Dans un nouveau contrat prévoyant cette fois des cessions de bandes de terrain en 2009, il est convenu textuellement entre les parties que «Yves Gélinas conserverait tous les avantages découlant des actes de servitude publiés au bureau de la publicité des droits de la circonscription foncière de Trois-Rivières (...) et notamment la clause suivante contenue dans l’acte de servitude consenti par Ludger Lavergne et publié audit bureau de la publicité des droits (...)», soit celle concernant l’obligation de la municipalité à fournir l’eau gratuitement, «tant et aussi longtemps que durera ledit aqueduc».

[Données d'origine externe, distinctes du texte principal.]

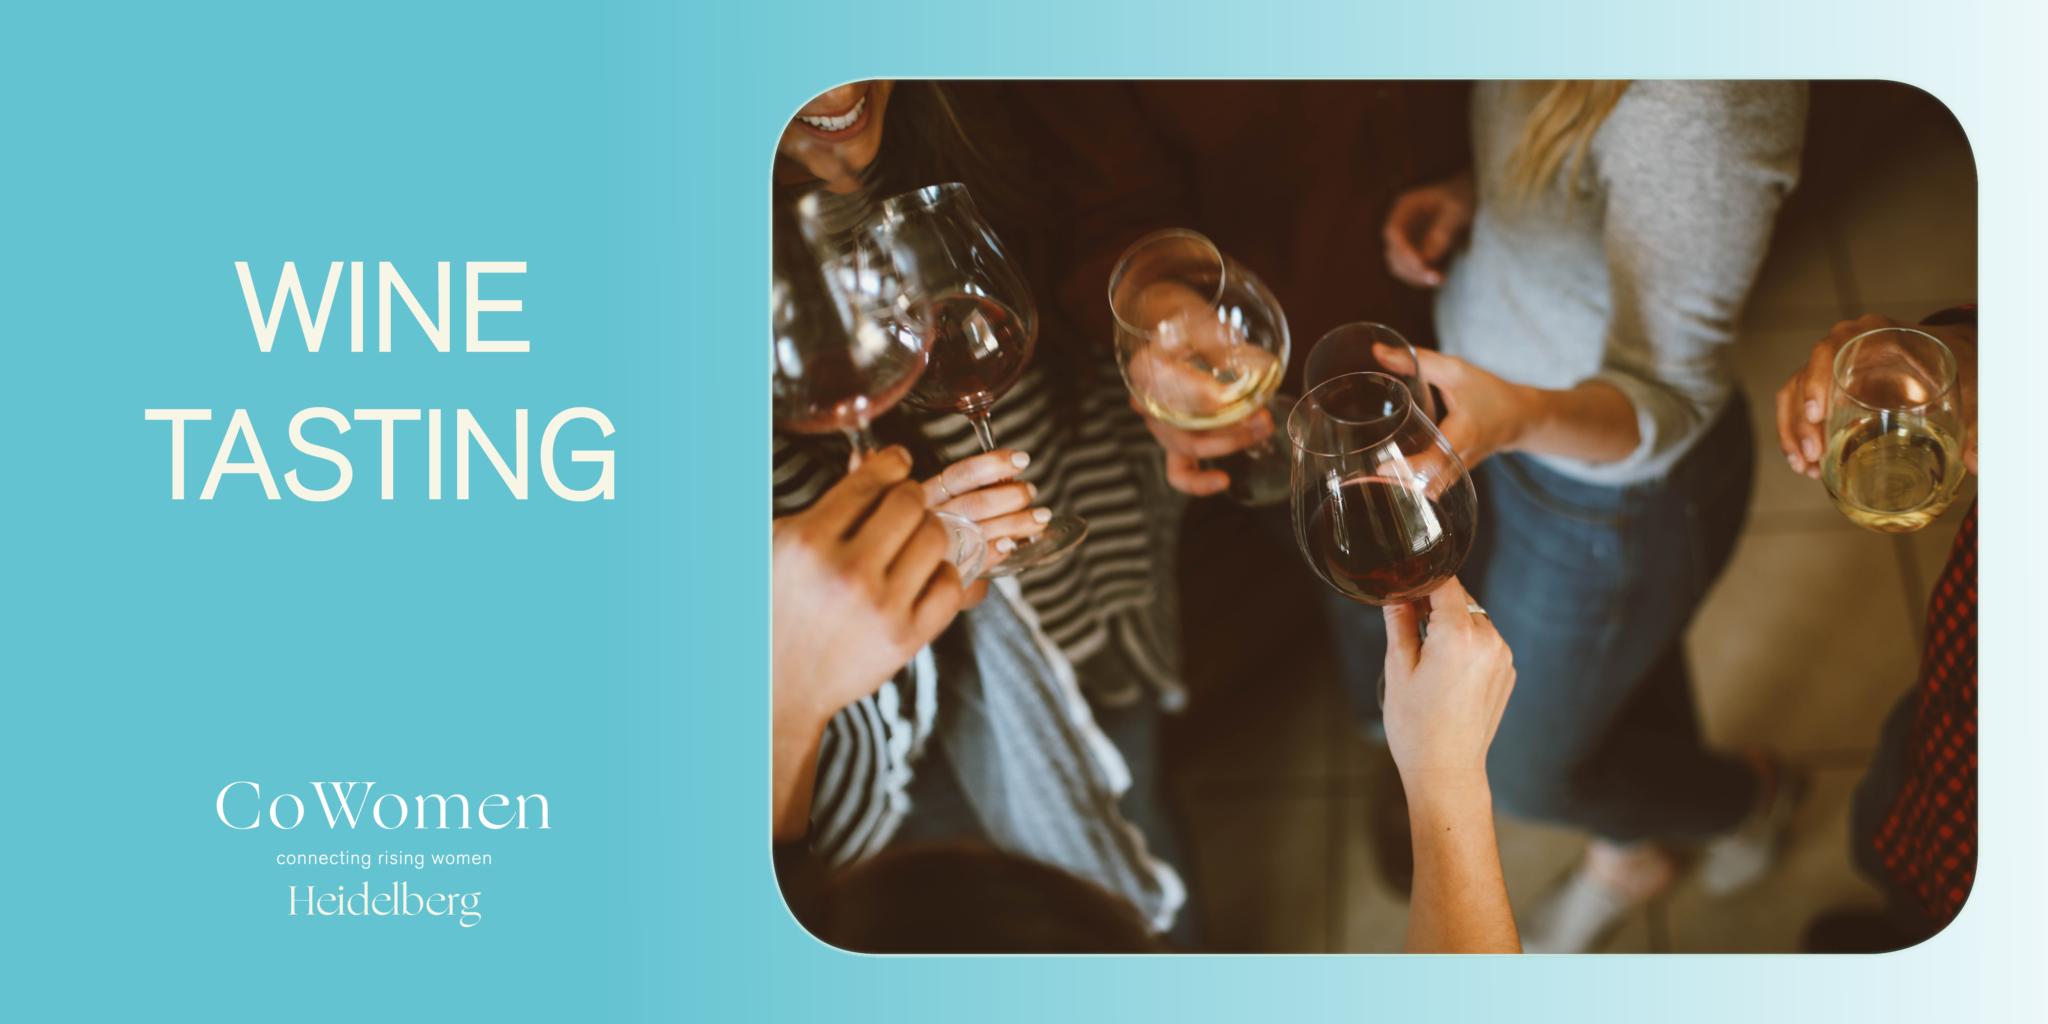 wine tasting website

Me Yves Vincent, directeur des Services juridiques, mentionne que la Ville veut justement appliquer les termes de l’entente de 2009 qui, selon lui, nuance la durée de l’entente liée à la servitude. «C’est une question d’interprétation de contrat. Nous n’avons pas la même», résume-t-il.

De son côté, M. Gélinas brandit une décision du juge Rosaire Lajoie, qui, en 1982, tranchait sur un litige semblable entre l’ex-Ville de Grand-Mère et Denise Daneault, qui habite toujours près de chez lui. La demanderesse réclamait alors des arrérages pour le service d’aqueduc, que la propriétaire refusait de payer en vertu de la même entente qui prévoyait un approvisionnement gratuit en eau en échange d’une «servitude perpétuelle».

«Si on voulait restreindre ces droits, on se devait de le dire, ce qui n’a pas été fait», tranchait le juge, en donnant raison à la défenderesse. M. Gélinas fait remarquer que dans son cas également, il n’a jamais été dans son intention de modifier les termes de cette entente.

L’ex-candidat à la mairie de Shawinigan confiera assurément le dossier à un avocat si la Ville maintient son interprétation.